我有一个包含3列的表
+---------------+-------------------------+-------+ | InstrumentId | Date | Price | +---------------+-------------------------+-------+ | 39 | 2012-10-31 00:00:00.000 | 150 | | 39 | 2012-11-01 00:00:00.000 | 160 | | 39 | 2012-11-01 00:00:00.000 | 200 | | 40 | 2012-10-31 00:00:00.000 | 150 | | 40 | 2012-11-01 00:00:00.000 | 140 | | 40 | 2012-11-01 00:00:00.000 | 200 | | 50 | 2012-10-31 00:00:00.000 | 150 | | 50 | 2012-11-01 00:00:00.000 | 150 | | 50 | 2012-11-01 00:00:00.000 | 150 | +---------------+-------------------------+-------+
我需要回顾下一个结果:
+--------------+-------+ | InstrumentId | Price | +--------------+-------+ | 39 | 200 | | 40 | 0 | | 50 | 150 | +--------------+-------+
规则: 如果同一InstrumentId的价格正在增长或相等=>返回最后价格(这意味着每个下一个价格大于或等于之前的价格。 例如Id 39:150< = 160< = 200 =>返回200) 如果同一InstrumentId的任何价格低于previous =>返回0(见instrumentId 40)

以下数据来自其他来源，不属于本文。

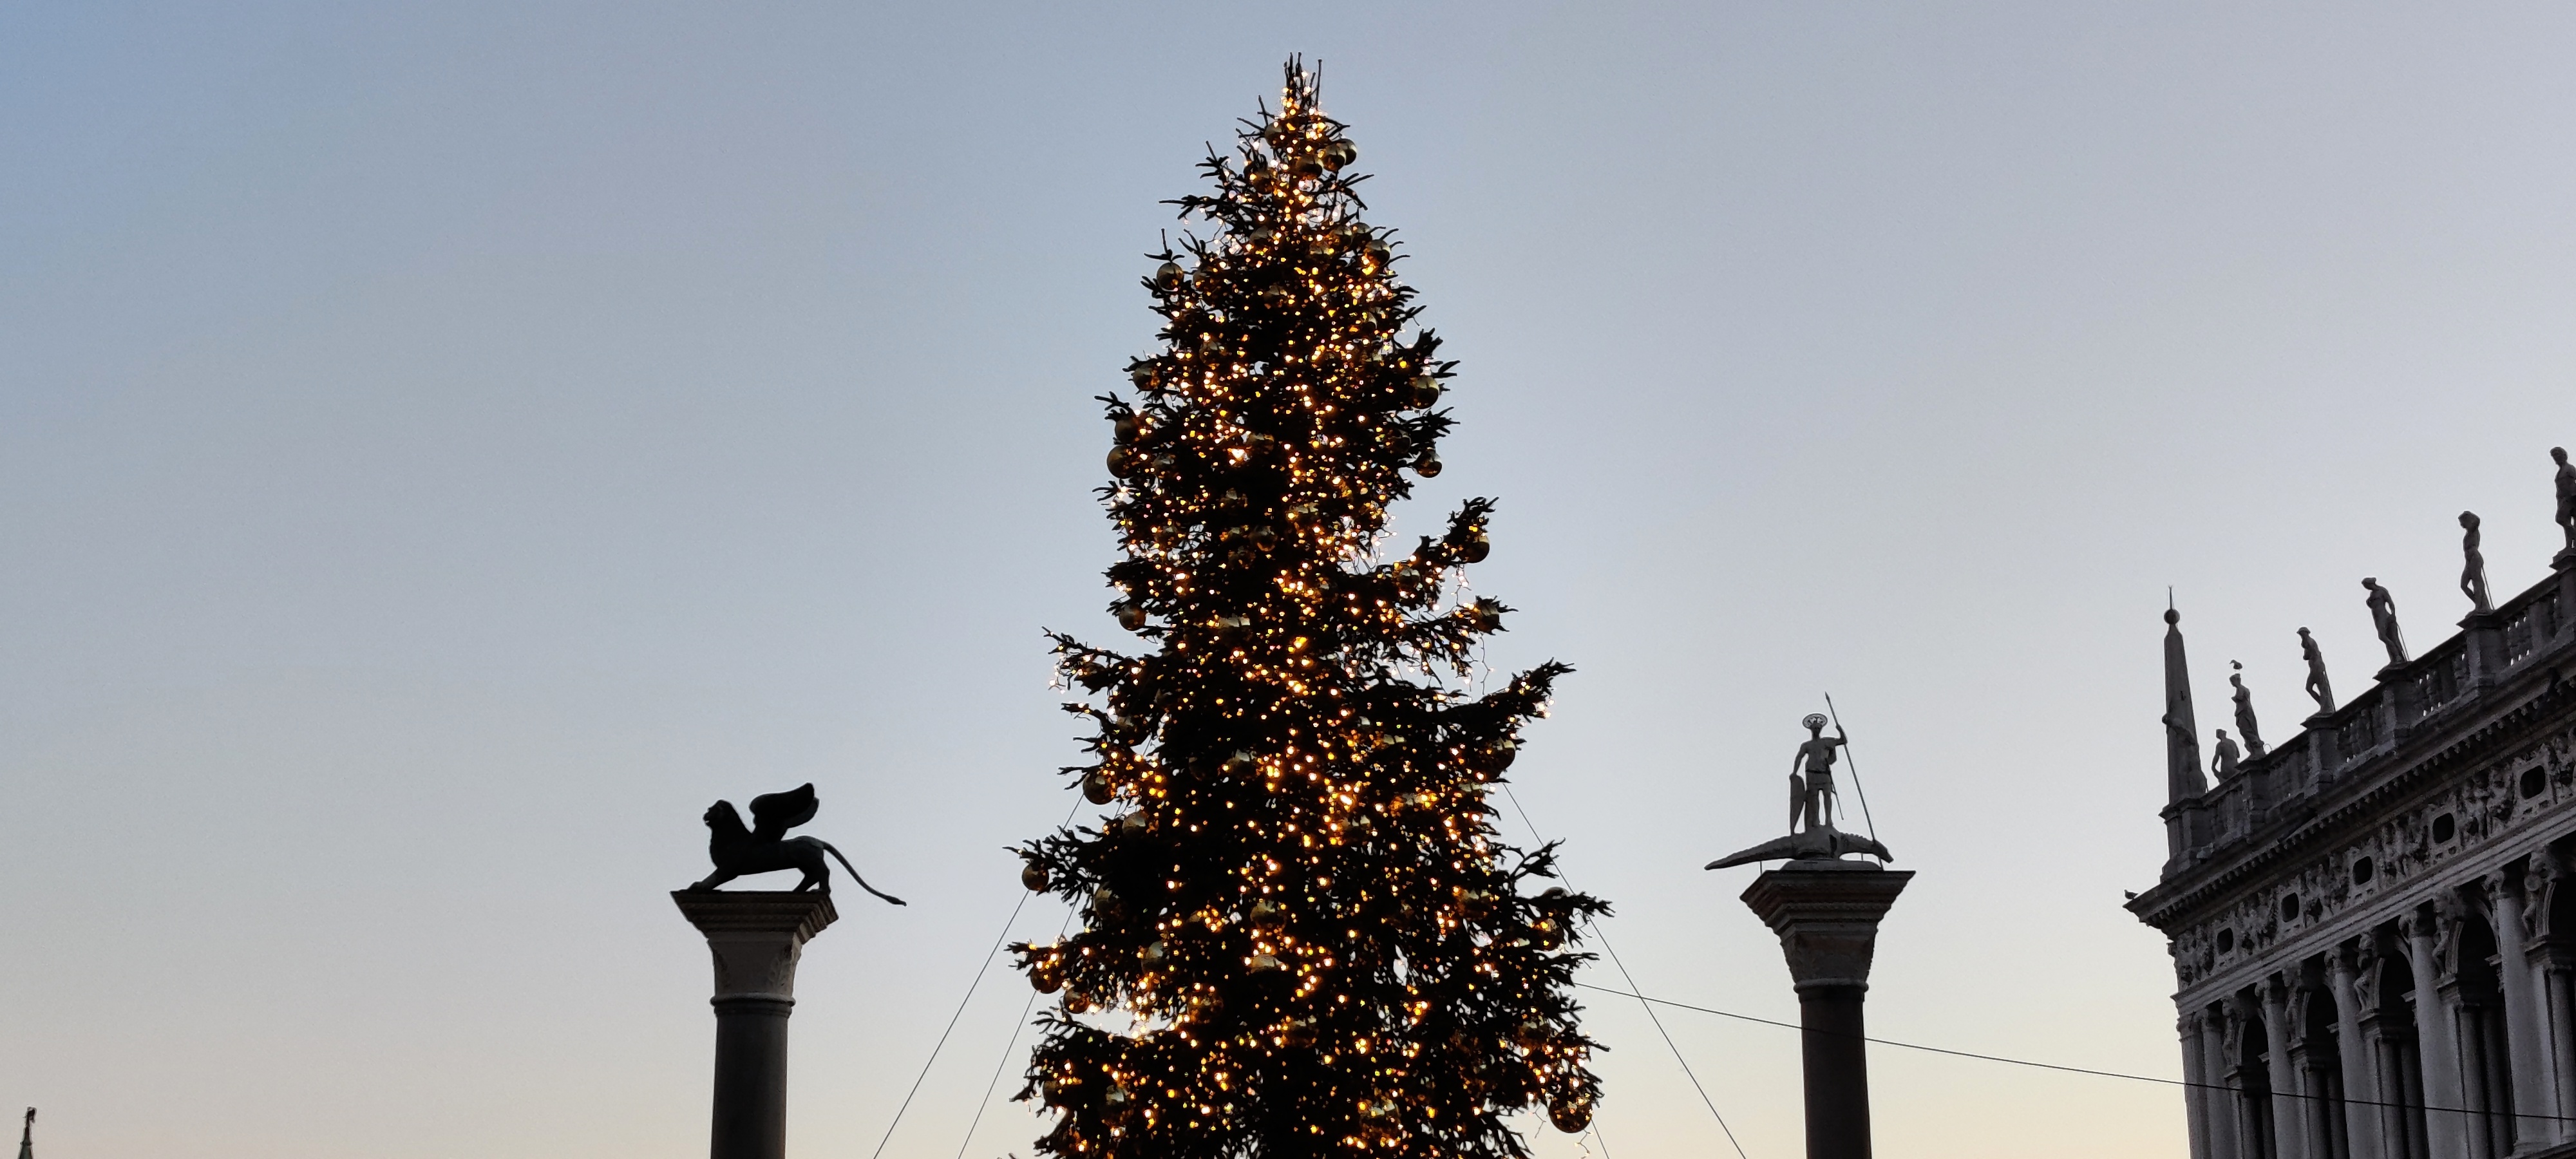 Árbol de Navidad de la Plaza de San Marcos - Venecia en 3 días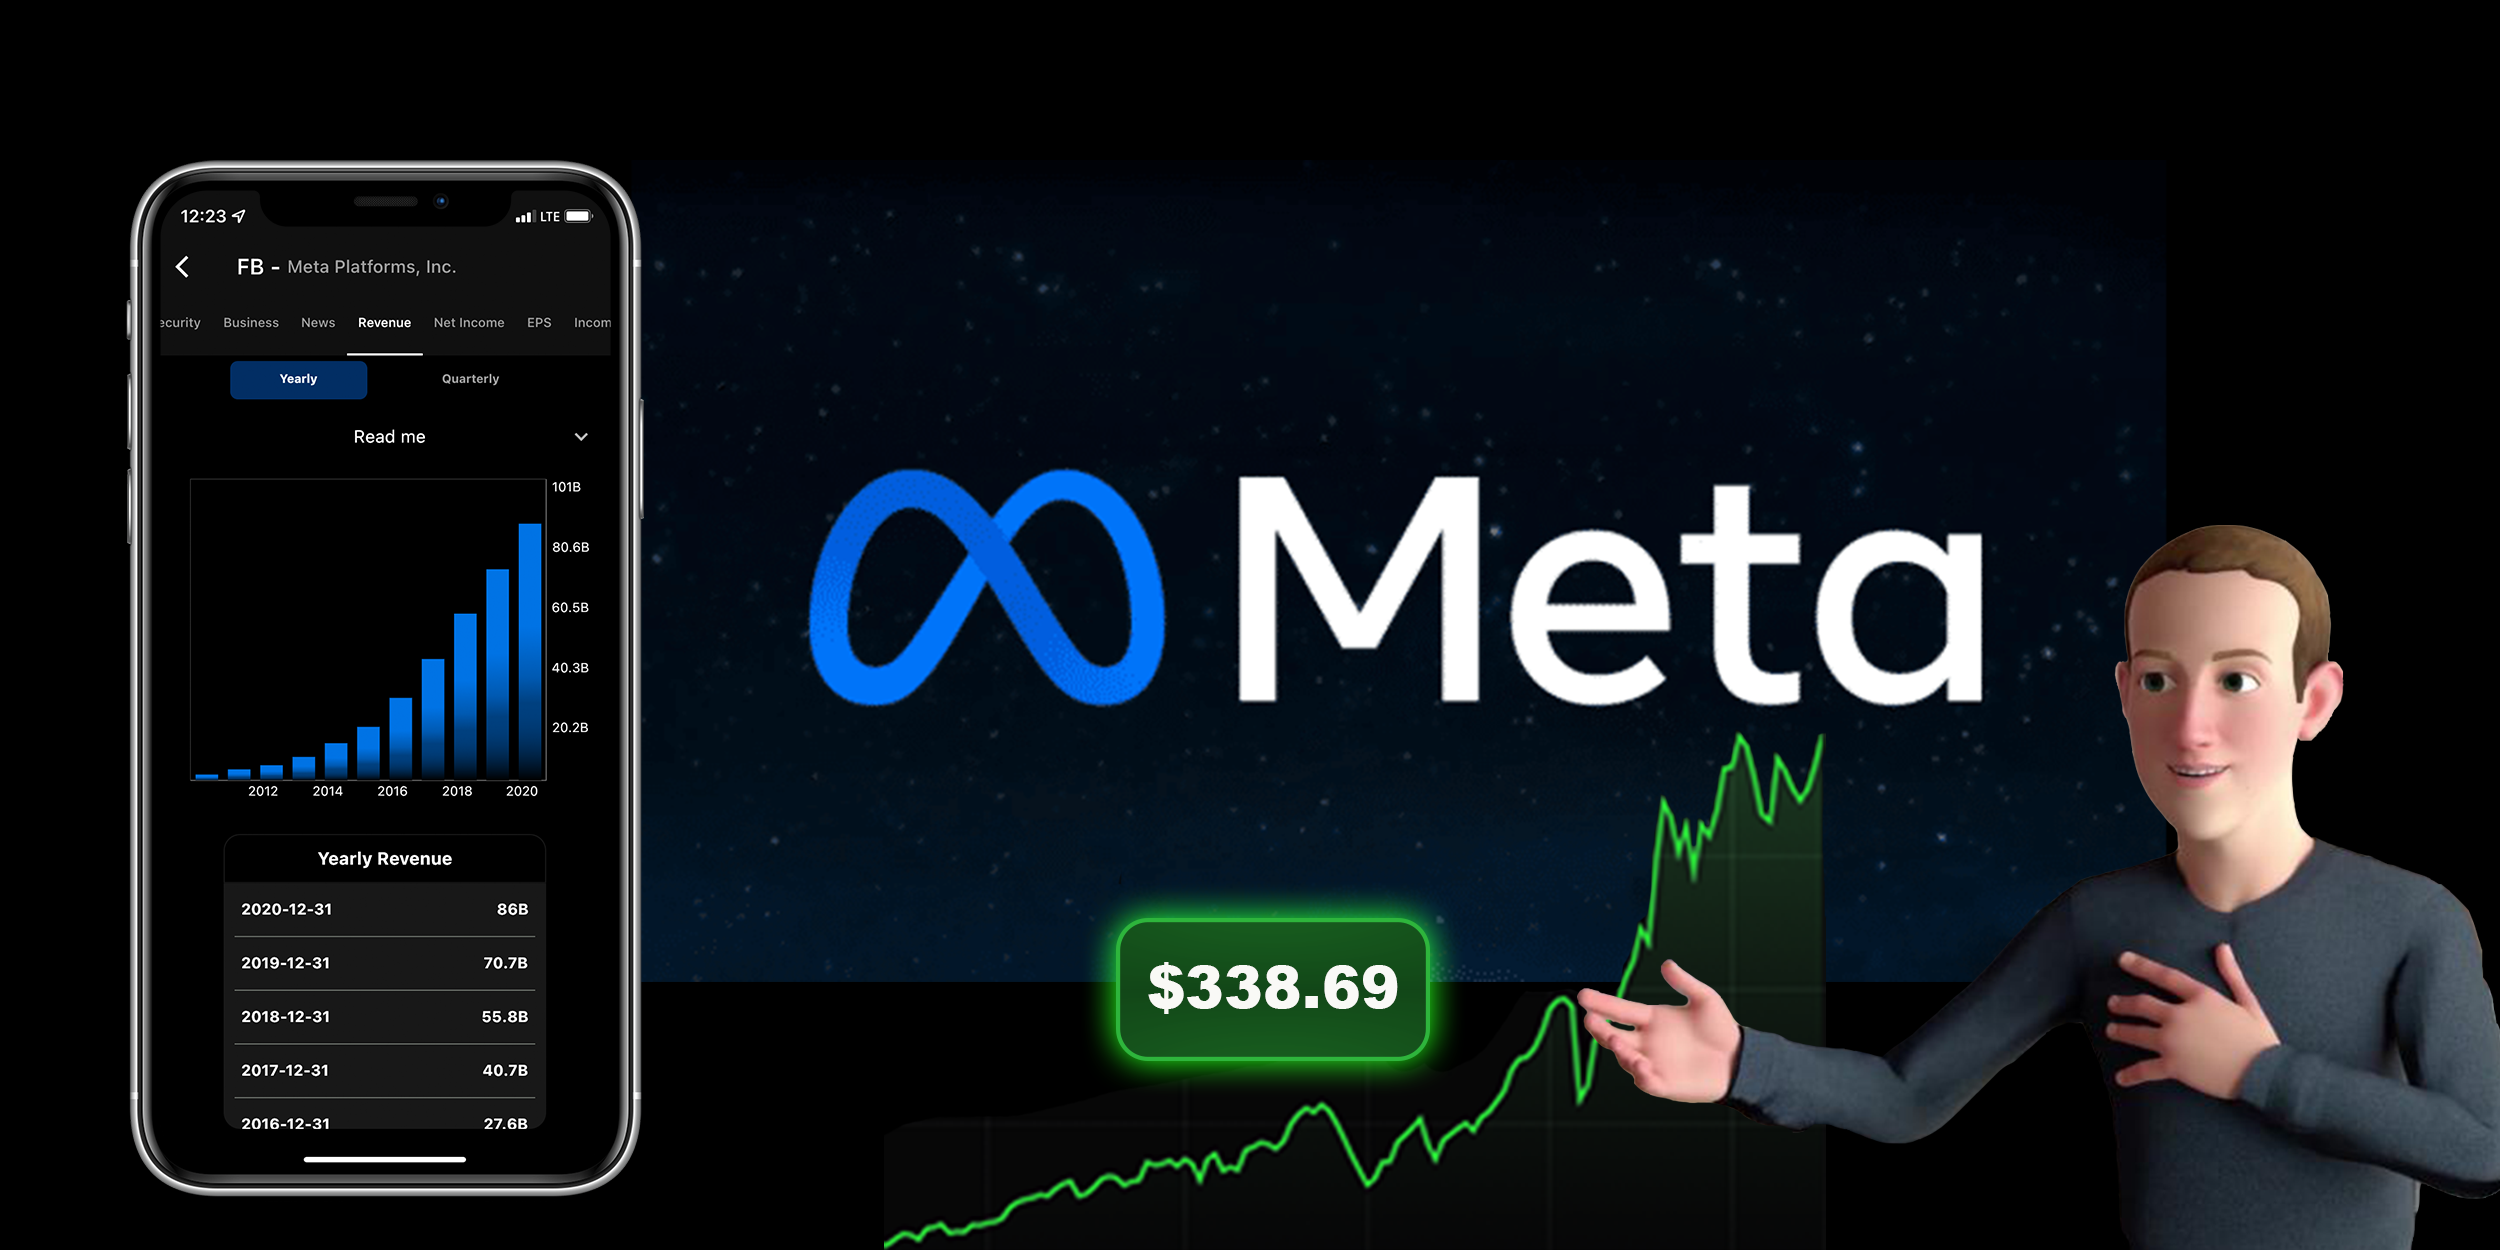 ViMoney: Top 3 cổ phiếu Metaverse tốt nhất cho danh mục tháng 1 năm 2022 - Meta

我可以用光标做到这一点......但我认为存在一个简单的解决方法来做到这一点。 有什么想法吗?
测试数据:
DECLARE @table TABLE(
instrumentId INT NOT NULL,
priceListDate DATETIME NOT NULL,
price DECIMAL NOT NULL
)
INSERT INTO @table
(
instrumentId,
priceListDate,
price
)
VALUES( 39, '2012-10-31 00:00:00.000', 150),
(39,'2012-11-01 00:00:00.000', 160),
(39,'2012-11-01 00:00:00.000', 200),
(40,'2012-10-31 00:00:00.000', 150),
(40,'2012-11-01 00:00:00.000', 140),
(40,'2012-11-01 00:00:00.000', 200),
(50,'2012-10-31 00:00:00.000', 150),
(50,'2012-11-01 00:00:00.000', 150),
(50,'2012-11-01 00:00:00.000', 150)
答案 0 :(得分:3)
让我知道这是否正常。我猜你的表中不会有价格= -1,我认为这会给当前的解决方案带来问题。
WITH CTE
AS ( SELECT RN = ROW_NUMBER() OVER ( ORDER BY instrumentId ) ,
*
FROM @table
)
SELECT CASE WHEN MIN(X.xPrice) = -1 THEN 0
ELSE MAX(X.xPrice)
END 'price' ,
X.instrumentId
FROM ( SELECT CASE WHEN [Current Row].instrumentId = [Next Row].instrumentId
THEN CASE WHEN [Current Row].price > [Next Row].price
THEN -1
ELSE [Current Row].price
END
ELSE CASE WHEN [Previous Row].instrumentId = [Current Row].instrumentId
THEN CASE WHEN [Previous Row].price <= [Current Row].price
THEN [Current Row].price
ELSE -1
END
ELSE [Current Row].price
END
END 'xPrice' ,
[Current Row].RN ,
[Current Row].instrumentId
FROM CTE [Current Row]
LEFT JOIN CTE [Previous Row] ON [Previous Row].RN = [Current Row].RN
- 1
LEFT JOIN CTE [Next Row] ON [Next Row].RN = [Current Row].RN
+ 1
) X
GROUP BY X.instrumentId
看起来有点复杂,但基本思路是确定当前打开的下一行和上一行,以便测试该行的价格列的值。